Acanthus as an ornamental motif developed not from nature, but from precedent. The motif developed from craftsperson to craftsperson changing over time and stylized far from the actual leaf, Acanthus mollis.

This frame at the Getty is a fine example of the Acanthus motif.– made by Jean Chérin.

Chérin was unusual because he was one of two who were Guild member of carpenters’ and cabinet makers’ in the mid 1700’s–unusual because dues were high and apprentice time was long.  But this is how the frame is identified as it should be stamped  on the back with his mark from both guilds.
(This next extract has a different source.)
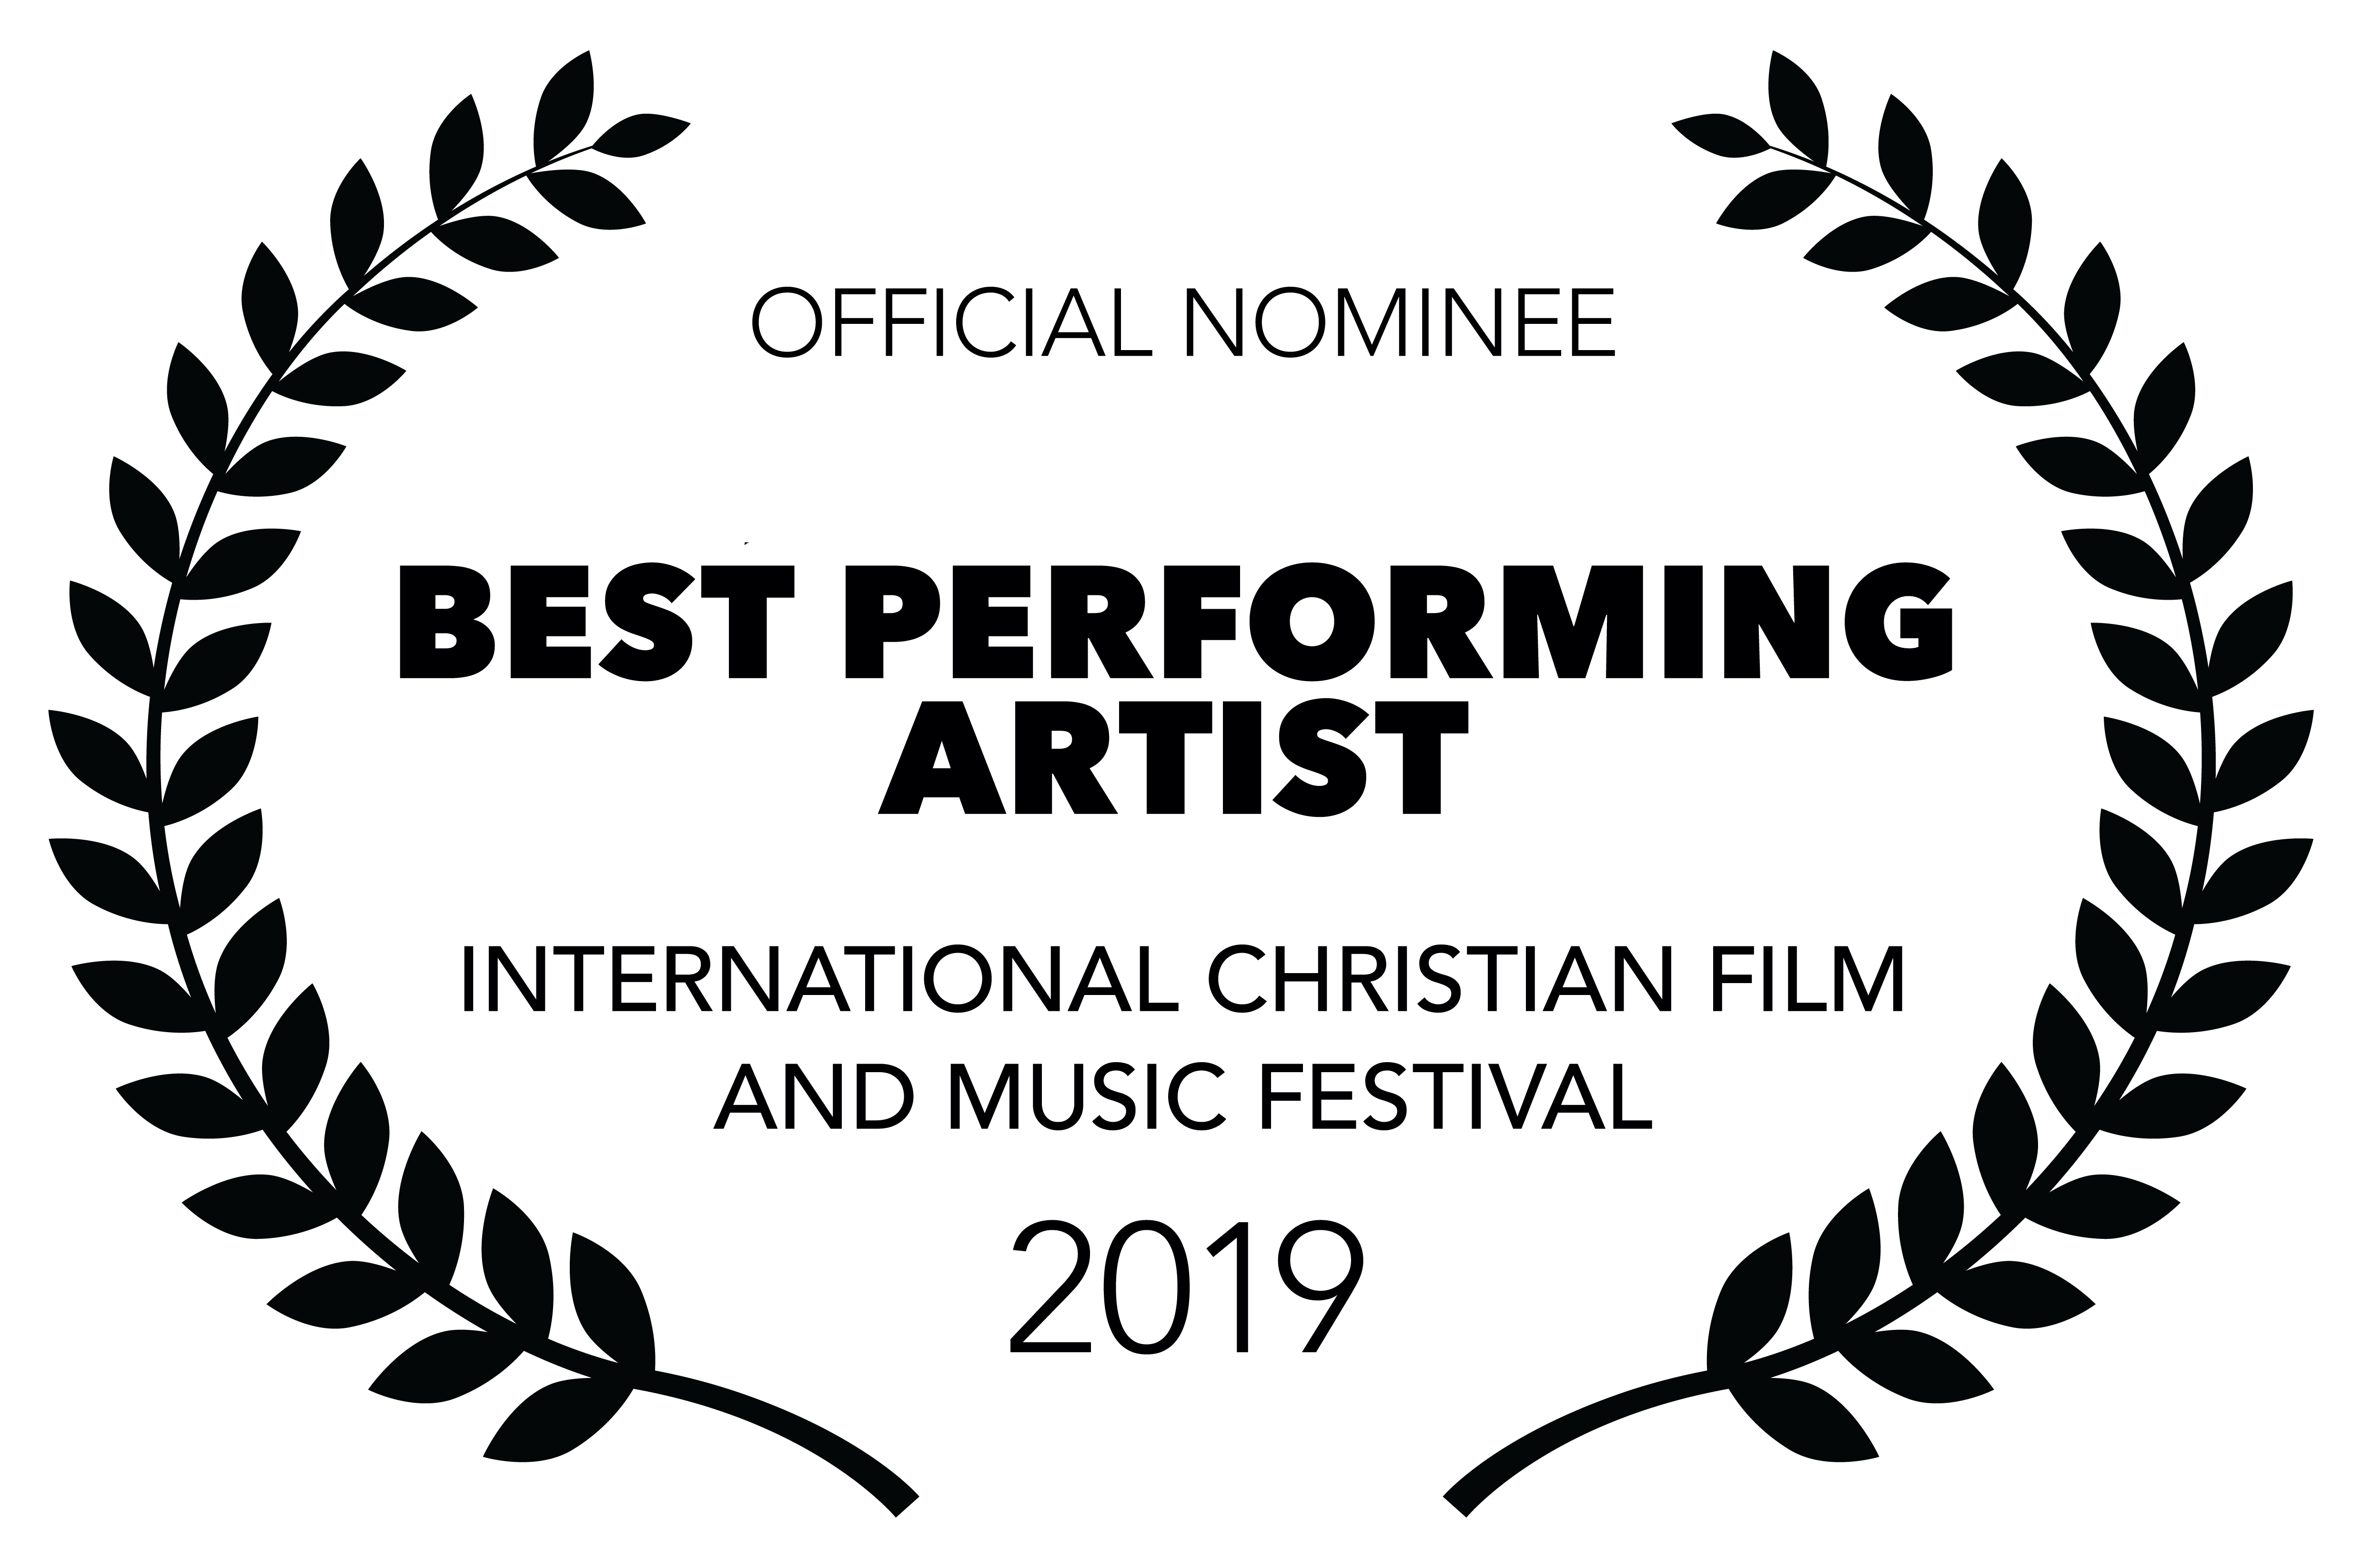 Official Nominee ICFMF

This frame in the rococo style –asymmetrical in it’s details but overall balanced to the eye–the  center motif is a shell with acanthus scroll leaf; similar to the one at the bottom center. A corner cabochon with leaf scrolling outward meets in the center of the vertical sides. Around the perimeter are simplified rocaille or seeds with the occasional leaf growing out interrupting the rhythm. It all illustrates a main intention of the rococo which was to force the eye to travel from one point to another never resting on a particular spot for very long.

Update 8/21/12. Book recommendations:

1. Frameworks: Form, Function and Ornament in European Portrait Frames, by Mitchell & Roberts–if you can find is excellent.
2. The Frame in America 1700-1900 A Survey of Fabrication Techniques and Styles, by William Adair–with whom I took a gilding workshop several years ago near Hearst Castle.